Me arrodillé a su lado, sin saber qué decir ni cómo actuar, sin tener la menor sospecha de si Bernard era consciente de mi presencia, pues sus ojos no se habían movido ni habían parpadeado ni una sola vez desde mi llegada, y de su boca apenas manaba más que una respiración difícil de percibir. Al fin decidí que lo mejor sería anunciarle mi presencia, y así lo hice, entre balbuceos, sin ser capaz de elevar mucho la voz por si el sonido repentino de mis palabras pudiera provocar al moribundo tal sobresalto que significase su muerte. Sin embargo, Bernard reaccionó con parsimonia, entonando unas palabras que, aún a día de hoy, me siguen causando escalofríos, no por aquello que dijo, sino por lo que significó más adelante.

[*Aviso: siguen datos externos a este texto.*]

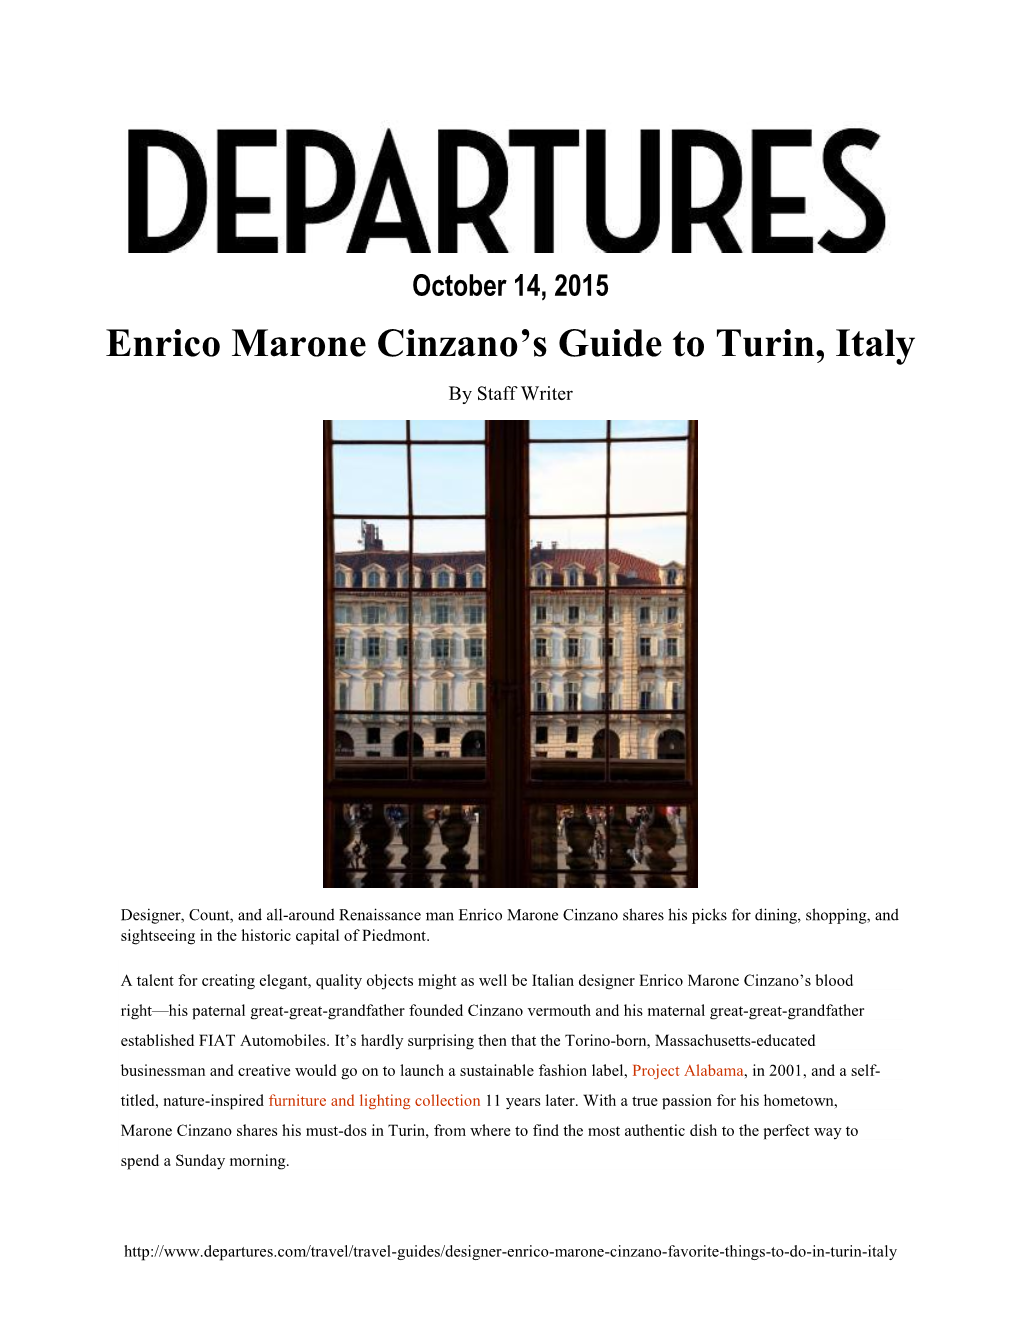 Enrico Marone Cinzano's Guide to Turin, Italy

-Sabía que vendrías, Charles, no me has defraudado-susurró, tan débil que tuve que acercarme un poco más para escucharle mejor-. Dentro de pocos minutos vendrá el señor Keatin. Solo te pido que le hagas caso en todo cuanto te indique. No hagas preguntas, no serán necesarias. Yo te diré todo cuanto has de saber, mi buen y fiel amigo. Sufro de una rara enfermedad que me consume día tras día; como puedes ver apenas soy capaz de hablar. Tu aportación para mi recuperación es sencilla: deberás entrar en un sueño profundo, en el que, seguramente, tendrás extrañas y pesadas visiones. No temas, pues al despertar comprobarás que yo vuelvo a ser el gracioso Bernard que recuerdas, y tu único sacrificio será el haber sufrido el acoso de unas cuantas y breves pesadillas. 

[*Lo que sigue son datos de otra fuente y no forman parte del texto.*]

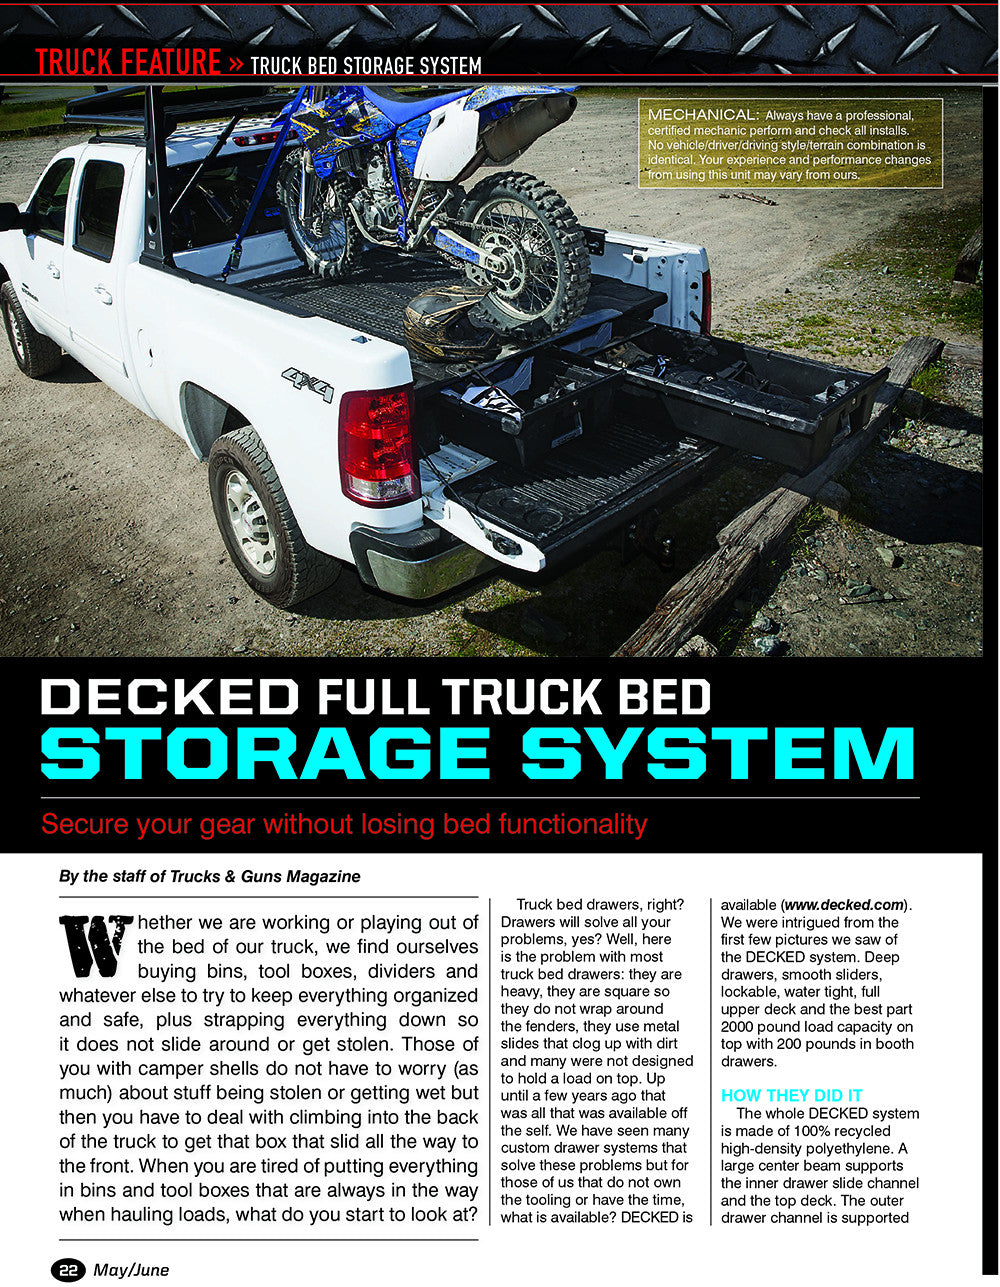 Trucks & Guns Magazine: DECKED Install

No dijo nada más, aparte de añadir un escueto, pero sincero, agradecimiento de antemano por las molestias que me estuviera causando. La verdad sea dicha, no me hacía gracia aquella situación. Nunca me ha gustado someterme a la voluntad de otras personas, sentirme indefenso y a merced de los demás, sabiendo que podrían aprovecharse de mi situación de indefensión. Pero me dije que todo se debía a una buena causa, y que gracias a mi pequeño sacrificio pronto tendría a mi amigo Bernard de vuelta. Lo cierto es que, después de lo aterrador que suponía verle en aquel estado, me dije que sufrir unas cuantas pesadillas no sería nada en comparación al sufrimiento que Bernard debía estar experimentando, así que, pese a mis secretas reticencias iniciales, cuando poco después escuché las pisadas provenientes de las escaleras y que anunciaban la llegada del buen mayordomo, recobré la compostura. Me sometería a la petición de mi amigo. Al fin y al cabo nada tenía que temer de quien, sin duda, habría dado mi vida para que me recuperara de haber estado yo en su misma situación.